PROBLEM STATEMENT - Below, find the line containing "The Crypt of" and the line containing "tatum: Boston Celtics'"; reproduce exactly those two and every line between them, omitting pictures.

TASK INPUT -
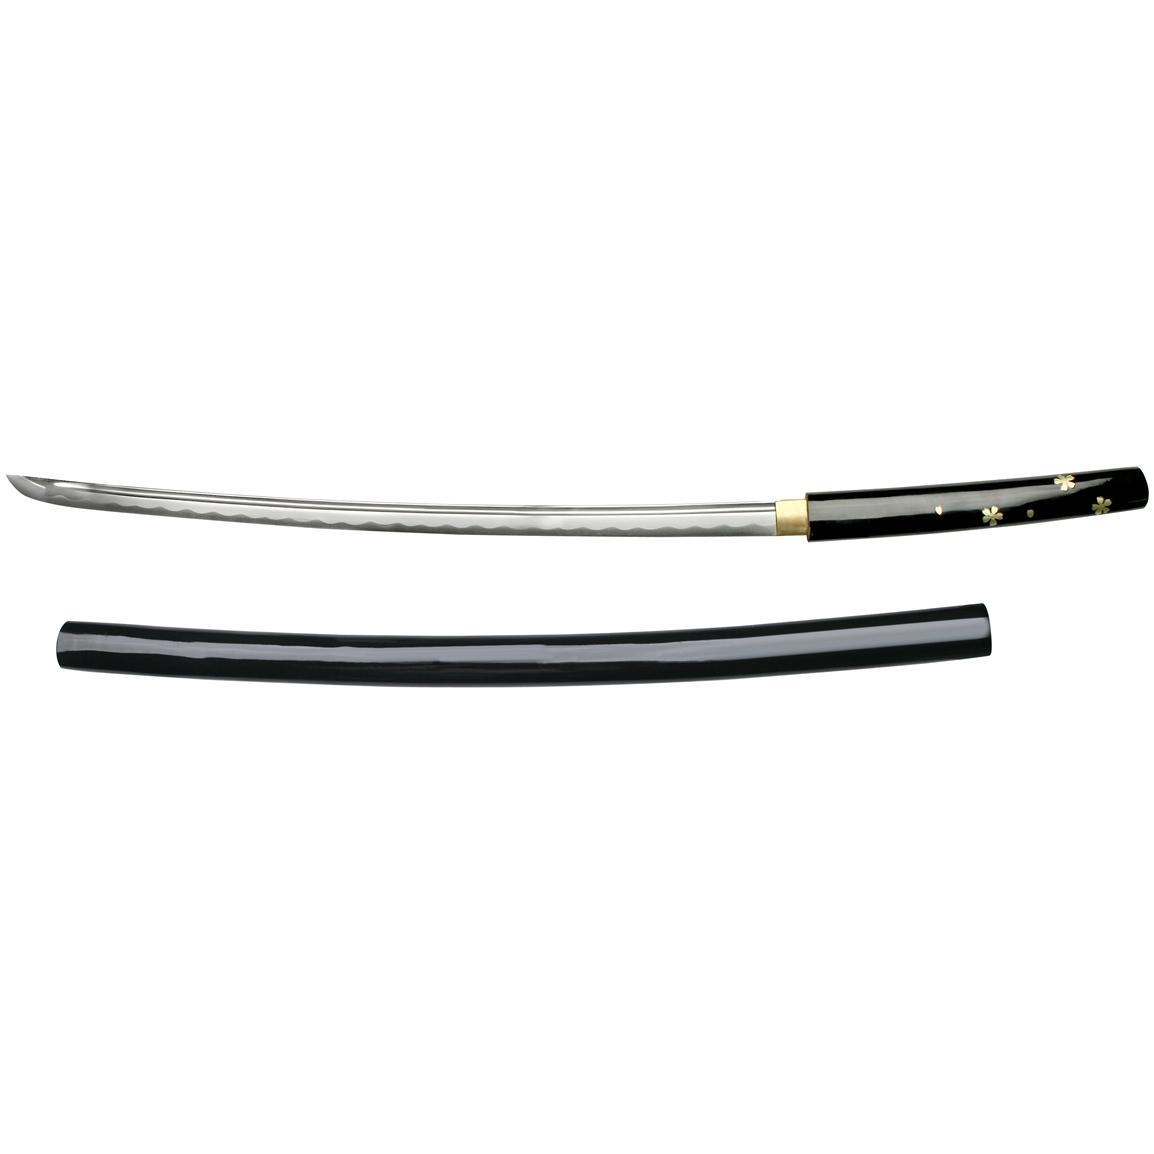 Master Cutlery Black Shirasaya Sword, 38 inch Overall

---

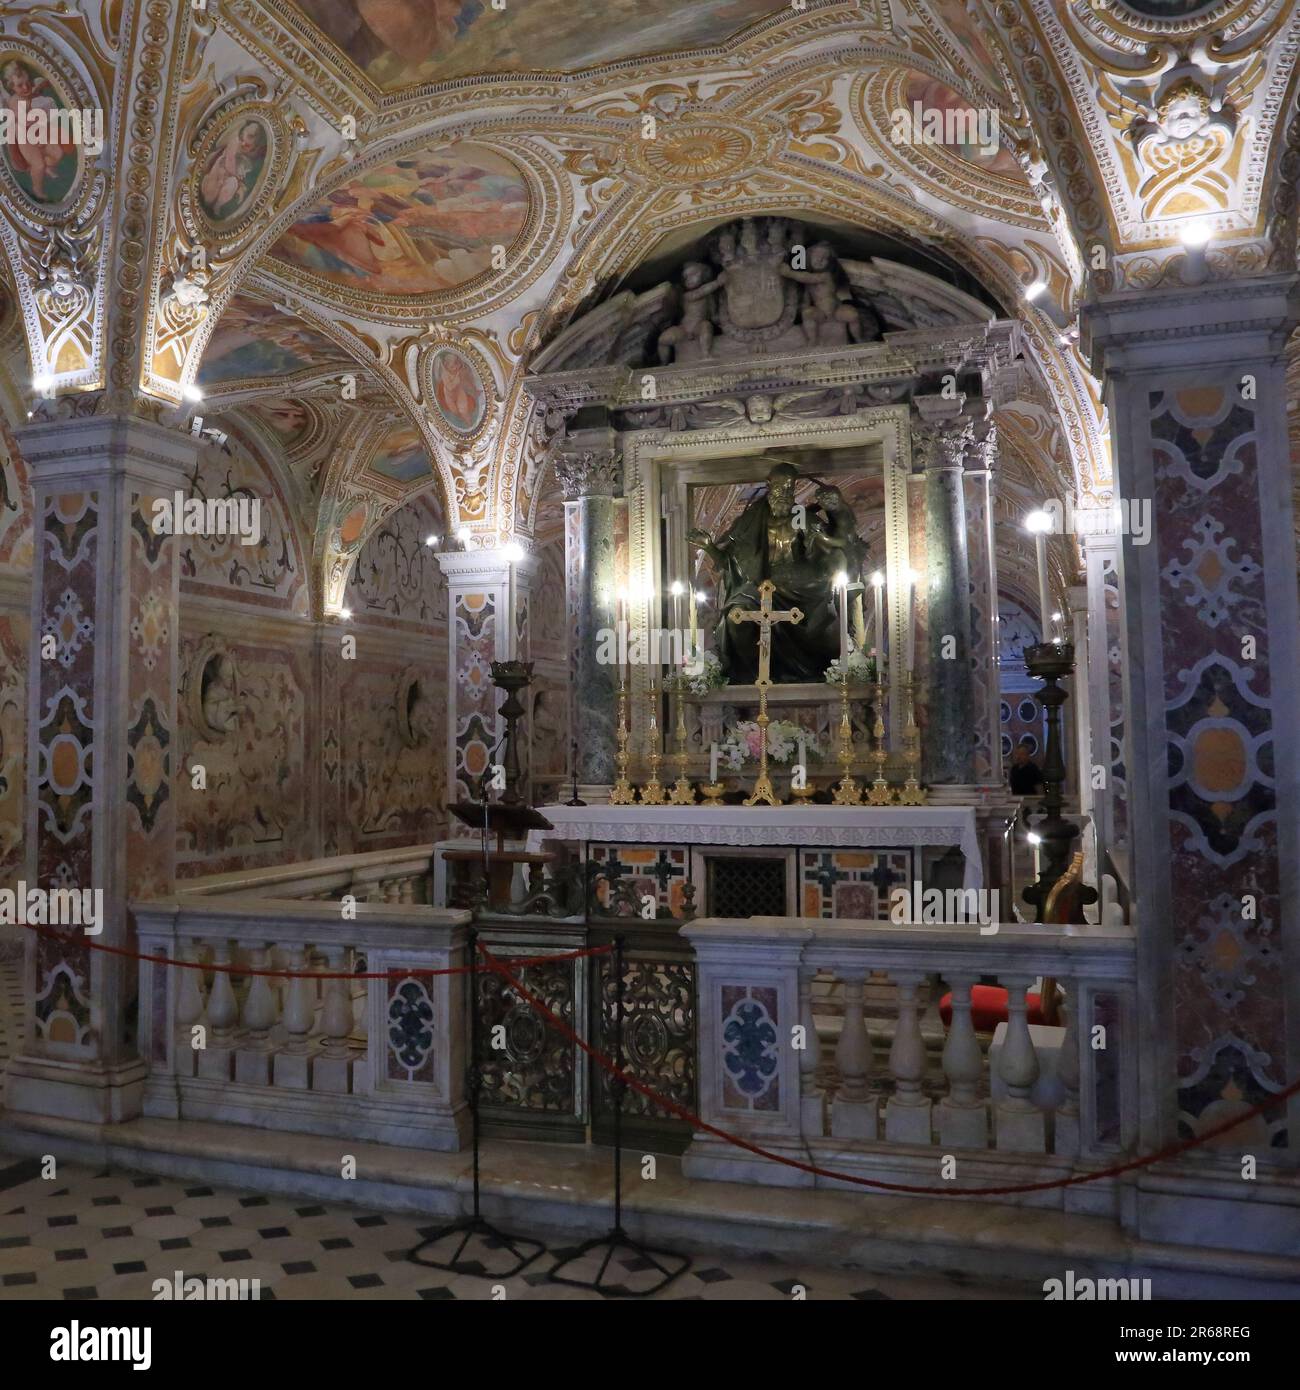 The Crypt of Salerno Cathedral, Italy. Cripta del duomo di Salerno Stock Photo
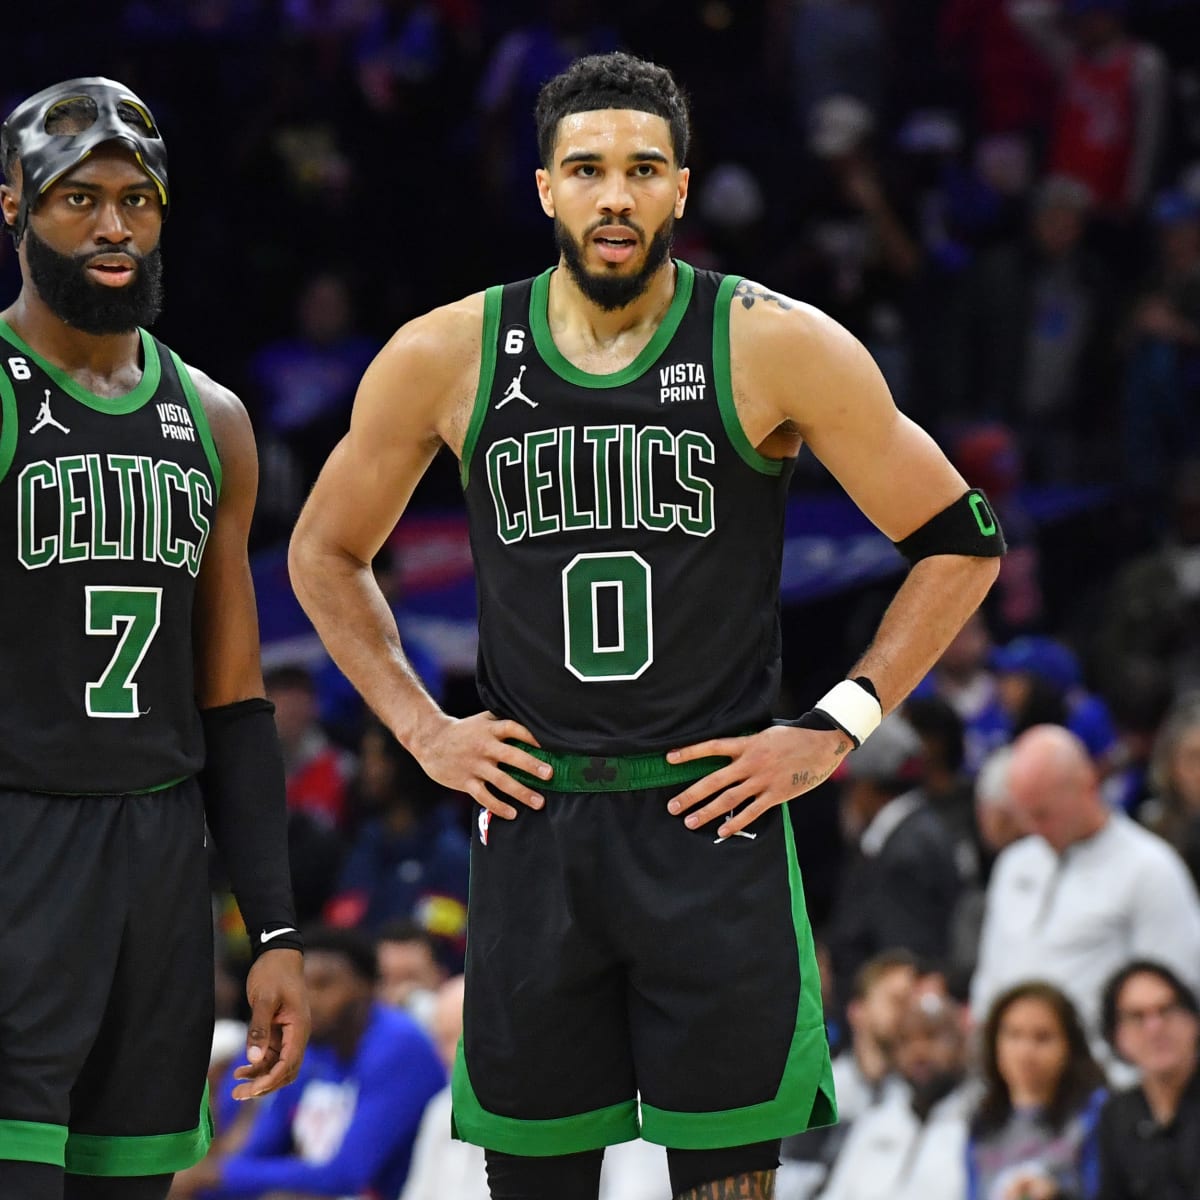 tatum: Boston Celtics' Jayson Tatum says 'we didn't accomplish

SOLUTION -
 The Crypt of Salerno Cathedral, Italy. Cripta del duomo di Salerno Stock Photo
 tatum: Boston Celtics' Jayson Tatum says 'we didn't accomplish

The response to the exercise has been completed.